*** Opening of DATA FOR PROCESSING ***

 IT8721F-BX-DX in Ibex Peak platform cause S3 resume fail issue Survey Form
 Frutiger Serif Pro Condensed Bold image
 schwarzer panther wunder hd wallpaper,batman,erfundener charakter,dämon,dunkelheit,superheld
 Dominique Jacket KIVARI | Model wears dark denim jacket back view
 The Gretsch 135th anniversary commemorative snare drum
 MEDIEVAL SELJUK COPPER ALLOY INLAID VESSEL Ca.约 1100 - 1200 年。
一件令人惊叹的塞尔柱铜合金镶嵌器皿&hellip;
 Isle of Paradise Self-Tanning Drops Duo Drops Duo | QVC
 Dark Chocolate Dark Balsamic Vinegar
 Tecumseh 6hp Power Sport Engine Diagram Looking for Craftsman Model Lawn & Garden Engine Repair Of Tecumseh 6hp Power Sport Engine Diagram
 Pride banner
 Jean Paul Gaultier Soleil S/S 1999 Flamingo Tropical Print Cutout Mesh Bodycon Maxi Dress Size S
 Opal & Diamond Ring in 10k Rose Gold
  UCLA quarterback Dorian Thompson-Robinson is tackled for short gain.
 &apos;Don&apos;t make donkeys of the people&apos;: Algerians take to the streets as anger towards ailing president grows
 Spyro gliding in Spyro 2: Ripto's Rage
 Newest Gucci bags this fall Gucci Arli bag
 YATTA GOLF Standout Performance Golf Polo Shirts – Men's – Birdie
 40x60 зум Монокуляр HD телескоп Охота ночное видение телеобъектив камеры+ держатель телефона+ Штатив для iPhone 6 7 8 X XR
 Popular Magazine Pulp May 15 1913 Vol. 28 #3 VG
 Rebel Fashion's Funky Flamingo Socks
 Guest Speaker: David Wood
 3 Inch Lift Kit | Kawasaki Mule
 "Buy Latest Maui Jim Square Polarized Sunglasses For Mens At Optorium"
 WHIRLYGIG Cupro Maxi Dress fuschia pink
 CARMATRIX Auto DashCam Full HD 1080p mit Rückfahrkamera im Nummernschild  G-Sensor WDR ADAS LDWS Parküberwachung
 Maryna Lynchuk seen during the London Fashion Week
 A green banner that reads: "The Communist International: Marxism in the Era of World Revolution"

*** Close of DATA FOR PROCESSING ***

_EXERCISE REQUIREMENTS_
Starting with the line with "UCLA quarterback Dorian" above and going on through the line with "Popular Magazine Pulp", transcribe every line exactly, both ends included, and add nothing.

_TASK RESPONSE_
  UCLA quarterback Dorian Thompson-Robinson is tackled for short gain.
 &apos;Don&apos;t make donkeys of the people&apos;: Algerians take to the streets as anger towards ailing president grows
 Spyro gliding in Spyro 2: Ripto's Rage
 Newest Gucci bags this fall Gucci Arli bag
 YATTA GOLF Standout Performance Golf Polo Shirts – Men's – Birdie
 40x60 зум Монокуляр HD телескоп Охота ночное видение телеобъектив камеры+ держатель телефона+ Штатив для iPhone 6 7 8 X XR
 Popular Magazine Pulp May 15 1913 Vol. 28 #3 VG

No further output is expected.